These error codes provide insights into what might be going wrong, whether it’s with the proxy server, your network, or the target website.
Below are some common HTTP proxy error codes and their meanings:
|
HTTP 400 Bad Request | This error happens when the client’s request to the proxy server is malformed or invalid. | Ensure the request is properly formatted with all required HTTP headers included. Double-check the syntax and structure. |
HTTP 403 Forbidden | The proxy server understands the request but refuses to fulfill it due to insufficient permissions or authentication. | Verify that you have the correct permissions and provide the necessary authentication credentials. |
HTTP 404 Not Found | The requested resource cannot be found on the proxy server or upstream server. | Ensure the URL is correct and that the resource hasn’t been moved or deleted. |
HTTP 407 Proxy Authentication Required | The proxy server requires authentication before allowing access to the requested resource. | Provide valid authentication credentials as required by the proxy server. |
HTTP 408 Request Timeout | The proxy server times out while waiting for the client’s request. | Check your network connection for stability and consider resending the request. |
HTTP 502 Bad Gateway | The proxy server received an invalid response from an upstream server. | Check the upstream server for any issues and ensure it is functioning correctly. |
HTTP 503 Service Unavailable | The proxy server or upstream server is temporarily unable to handle the request due to maintenance or overload. | Try again later or check if the server is undergoing maintenance. |
HTTP 504 Gateway Timeout | The proxy server does not receive a timely response from the upstream server, resulting in a timeout. | Investigate whether the upstream server is slow or experiencing network issues. |
HTTP 505 HTTP Version Not Supported | The proxy server does not support the HTTP version used in the client’s request. | Ensure that the HTTP version in your request is compatible with the proxy server and adjust it if necessary. |
Understanding these error codes can help you diagnose and troubleshoot issues with your proxy connection, ensuring smoother browsing and data retrieval.
KYC (Know-Your-Customer) Verification
IPRoyal implements a strict KYC (Know-Your-Customer) policy for both new and existing customers to ensure the security and credibility of their proxy network.
- IPRoyal requires KYC validation prior to granting full access to their proxy services.
- New accounts have limited access to services until KYC verification is completed.
The KYC process involves:
- Identity Verification:
- Customers must provide an image of a government-issued ID (passport, driver's license, or national ID).
- A selfie is required to confirm the identity matches the provided document.

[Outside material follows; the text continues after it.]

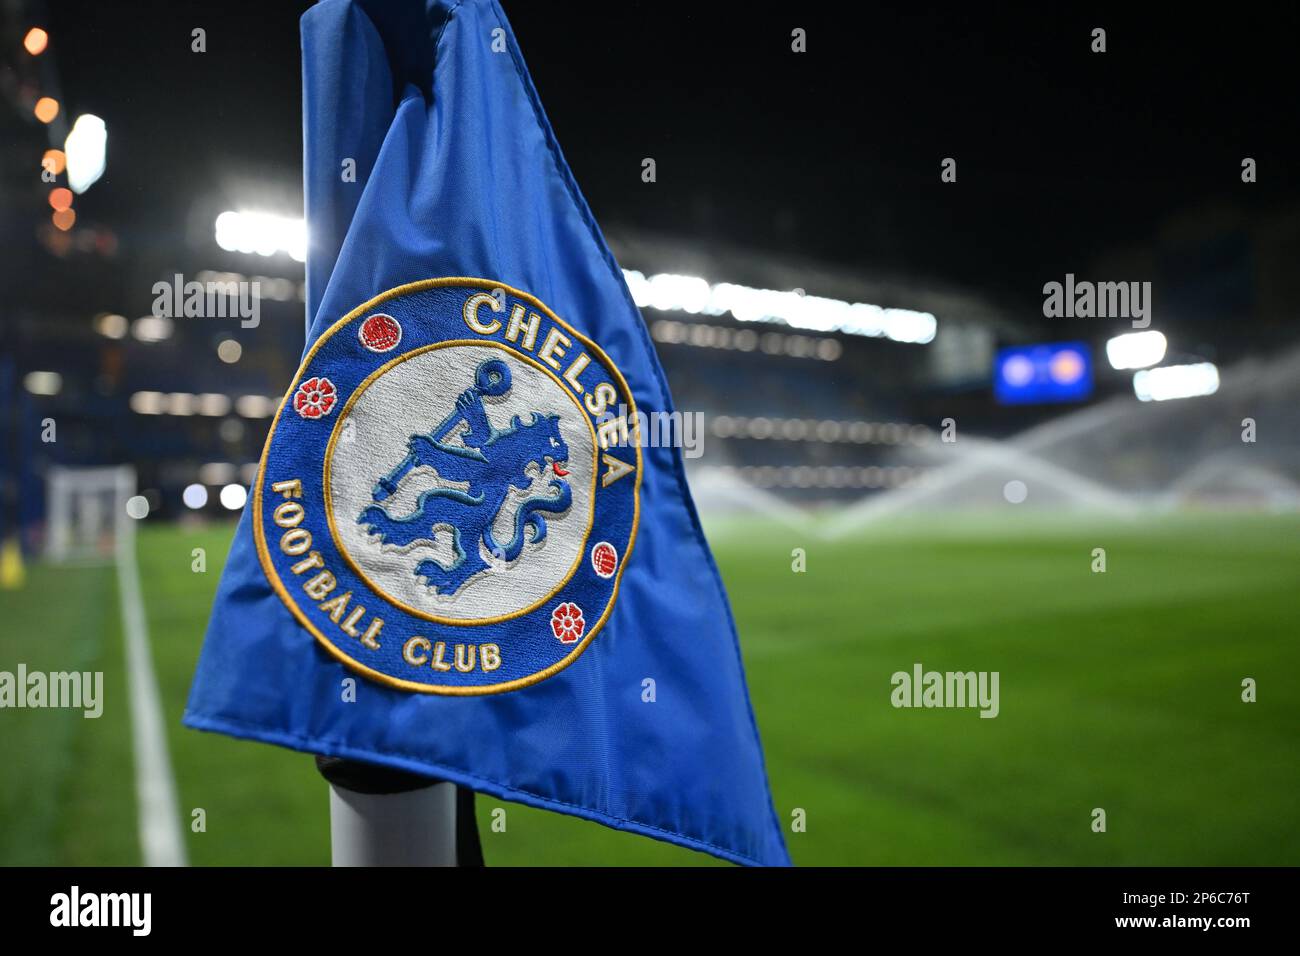 Chelsea FC on X: Back at Stamford Bridge, the ☀️ is shining and
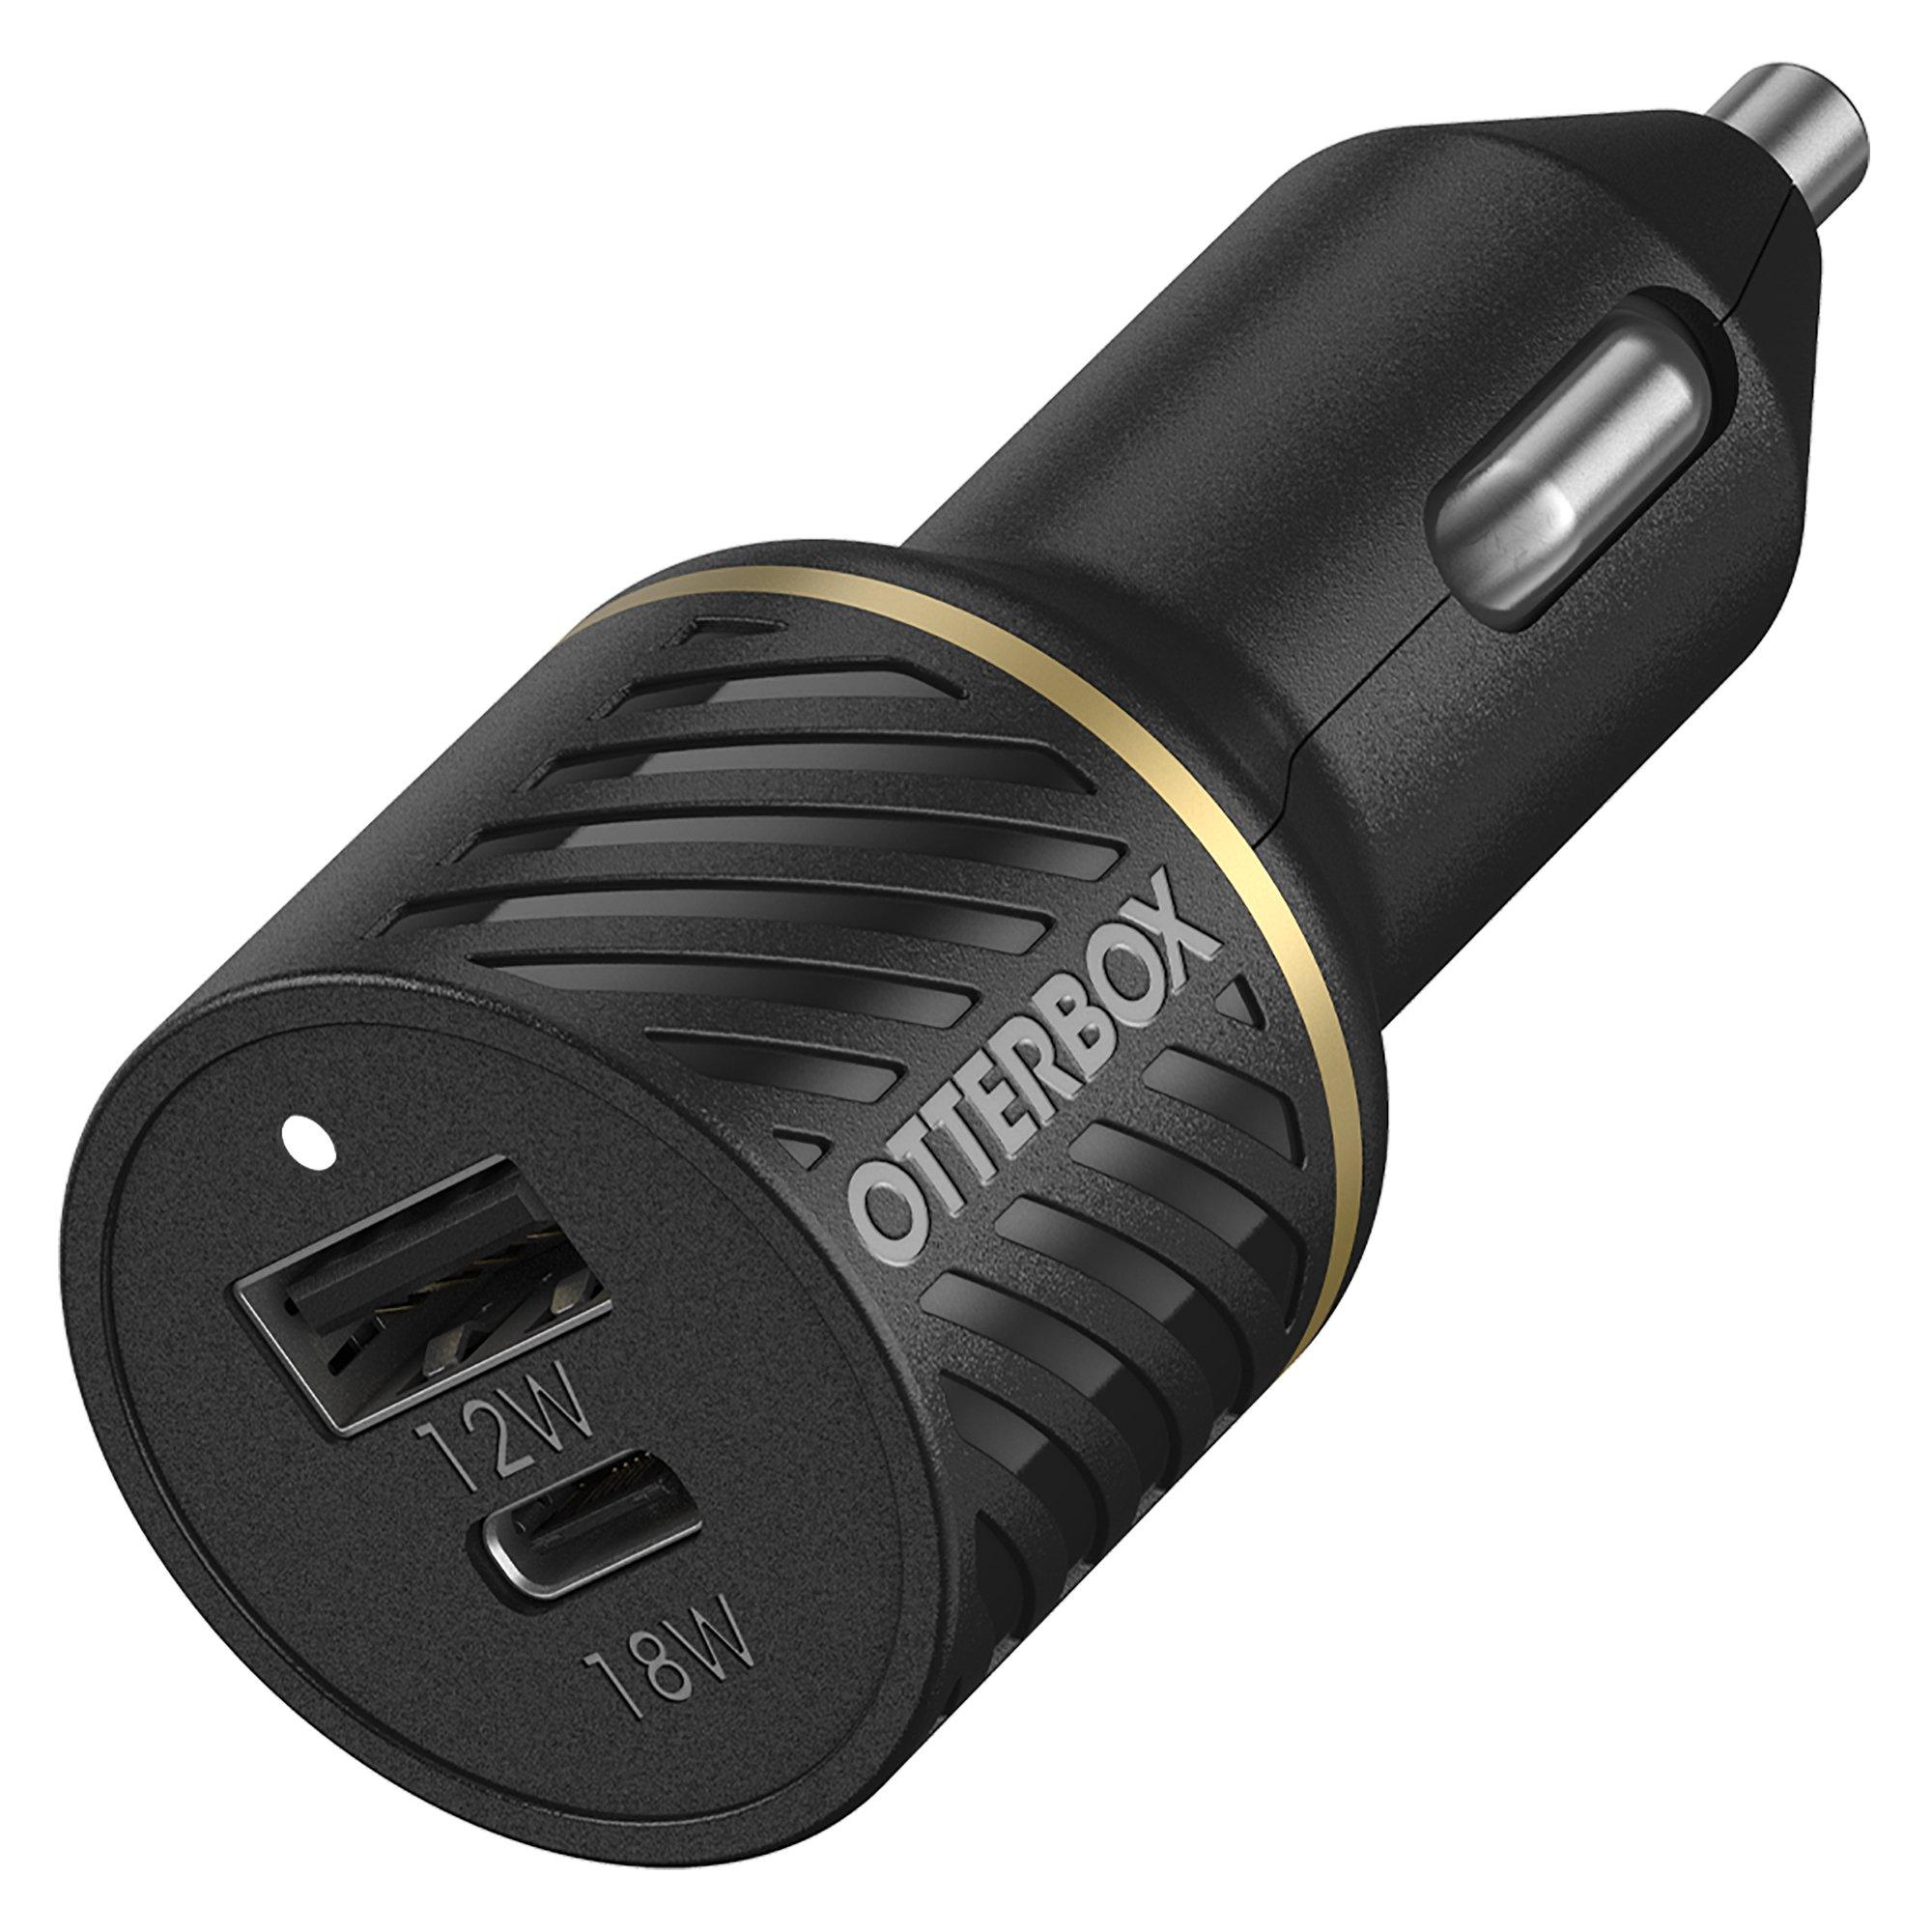 Fast Charge Dual Port USB-C and USB Black Car Charger 30w

- Document Authentication:
- IPRoyal uses iDenfy, a third-party platform, to verify documents and conduct identity checks.
- Advanced algorithms detect anomalies or inconsistencies in the provided documents.
- Facial recognition technology compares the photo on the ID with the provided selfie.
- Information may be cross-referenced with government databases for accuracy.
- Ongoing Monitoring:
- IPRoyal continuously monitors their network to prevent abuse.
- They reserve the right to refuse service based on risk level assessment.
Use cases that are not allowed:
- IPRoyal states they will refuse service for suspicious, inappropriate, or unethical use cases.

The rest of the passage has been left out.